Bulgaria to Rule on Extradition of Relative of Charlie Hebdo Attacker

Crime | August 10, 2016, Wednesday // 09:50
Bulgaria: Bulgaria to Rule on Extradition of Relative of Charlie Hebdo Attacker File photo, EPA/BGNES

The Sofia City Court is due to sit on an extradition request for Mourad Hamyd, a man man sought in France who was detained in Bulgaria last week.

French media have reported that Hamyd is a brother-in-law of Ch?rif Kouachi, one of the perpetrators of the terror attack on Charlie Hebdo satirical newspaper in Paris last year. For a brief period he had been suspected of complicity to the attack, but investigators deemed his alibi to be solid enough.

Hamyd arrived in Bulgaria on July 26 at 19:45 and tried to leave on July 28 at 01:30. It was not immediately clear how he spent more than 48 hours in the country.
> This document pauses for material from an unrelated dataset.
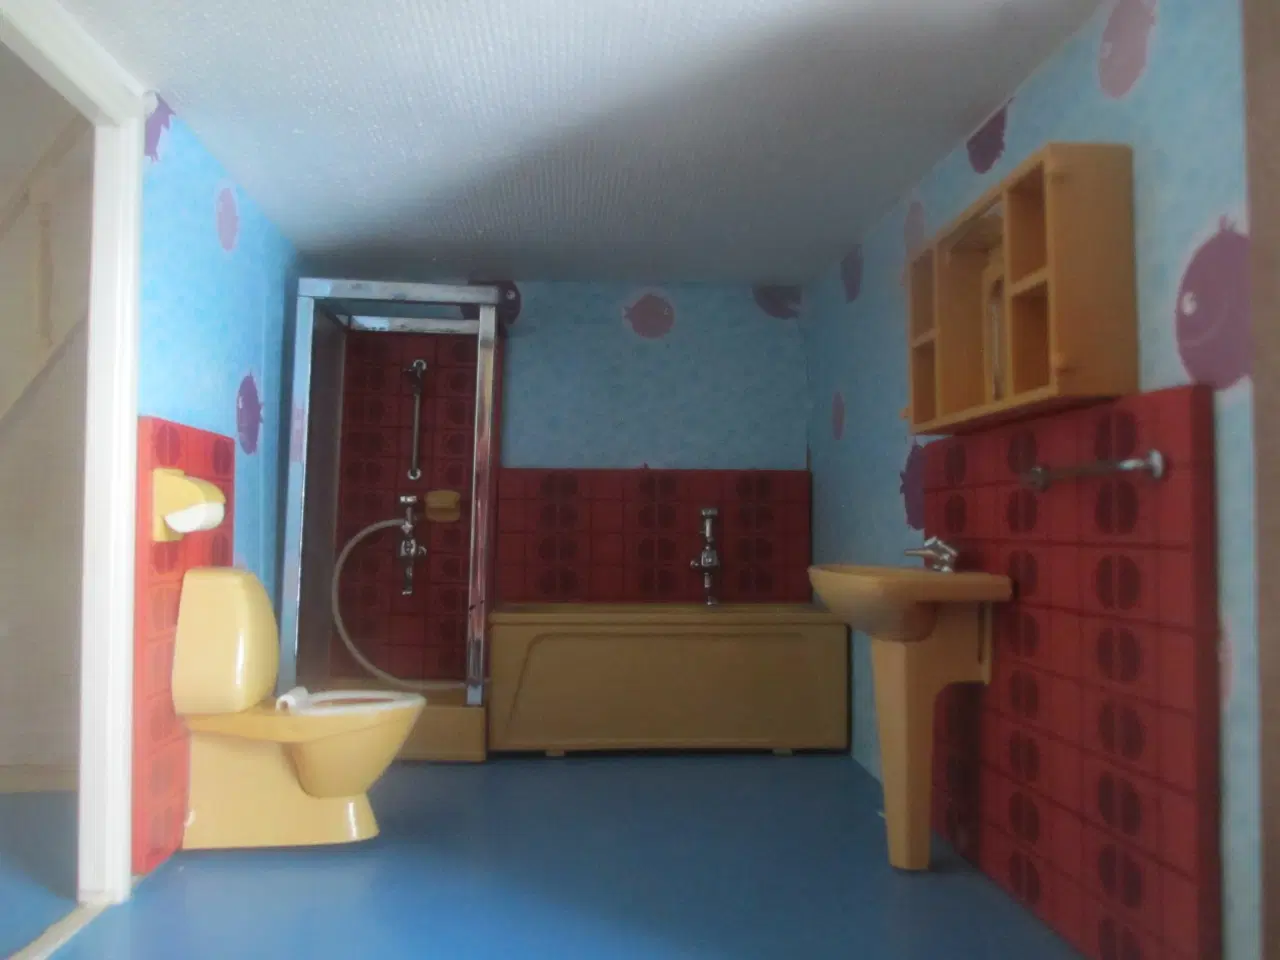 Billede 7 - brugt dukkehus med  badeværelse i og andet

Bulgarian authorities alerted their French counterparts of his arrival as he had been declared missing by his sister.

He was initially detained at the border between Bulgaria and Turkey, after crossing it successfully but being sent back by Turkish border police. The reason was that he had been barred from entering Turkey for five years. Shorly after his detention, official reports were submitted to Bulgarian border police about his alleged terror link and affiliation to the Islamic State (IS) group.
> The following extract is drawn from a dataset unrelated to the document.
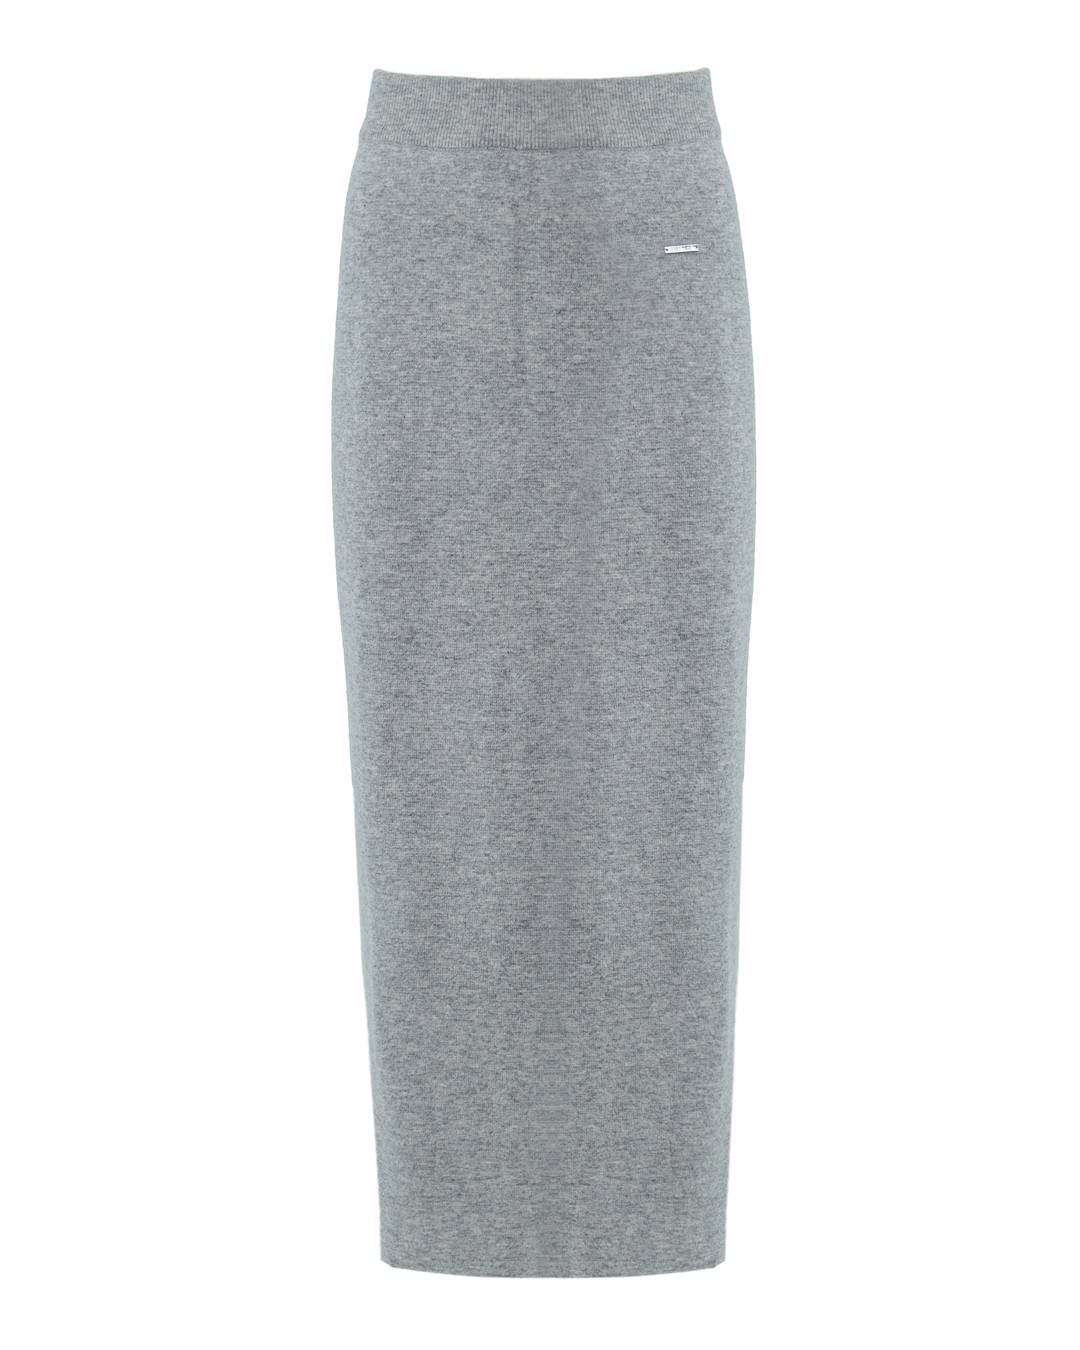 юбка FREE AGE. 50016-MG серый s, размер s - фото 1

On July 29, he was placed in detention in the Bulgarian capital Sofia under a European Arrest Warrant which was received from French authorities on that day.

It was Mourad Hamy's sister, Khadija, who told police her brother had departed to Bulgaria by train, crossing Hungary and Serbia, despite explaining to her he was willing to go to Morocco. French authorities responded by issuing an arrest warrant.

The Bulgarian Chief Prosecutor's spokesperson, Rumyana Arnaudova, cited on Monday data from the national counter-intelligence authorities which described him as a "genuine, present and grave threat to our national security." In her words, international intelligence had also revealed him as a traveling IS fighter.

The defense, however, says Hamyd is a science student who travels for tourism purposes and his case should not give ground to "public hysteria" as to his personality and as to what activities he carried out in Bulgaria.

The 20-year-old man has already said he will agree to be handed over to French authorities, his court-appointed attorney Dragomir Aleksandrov has told AFP.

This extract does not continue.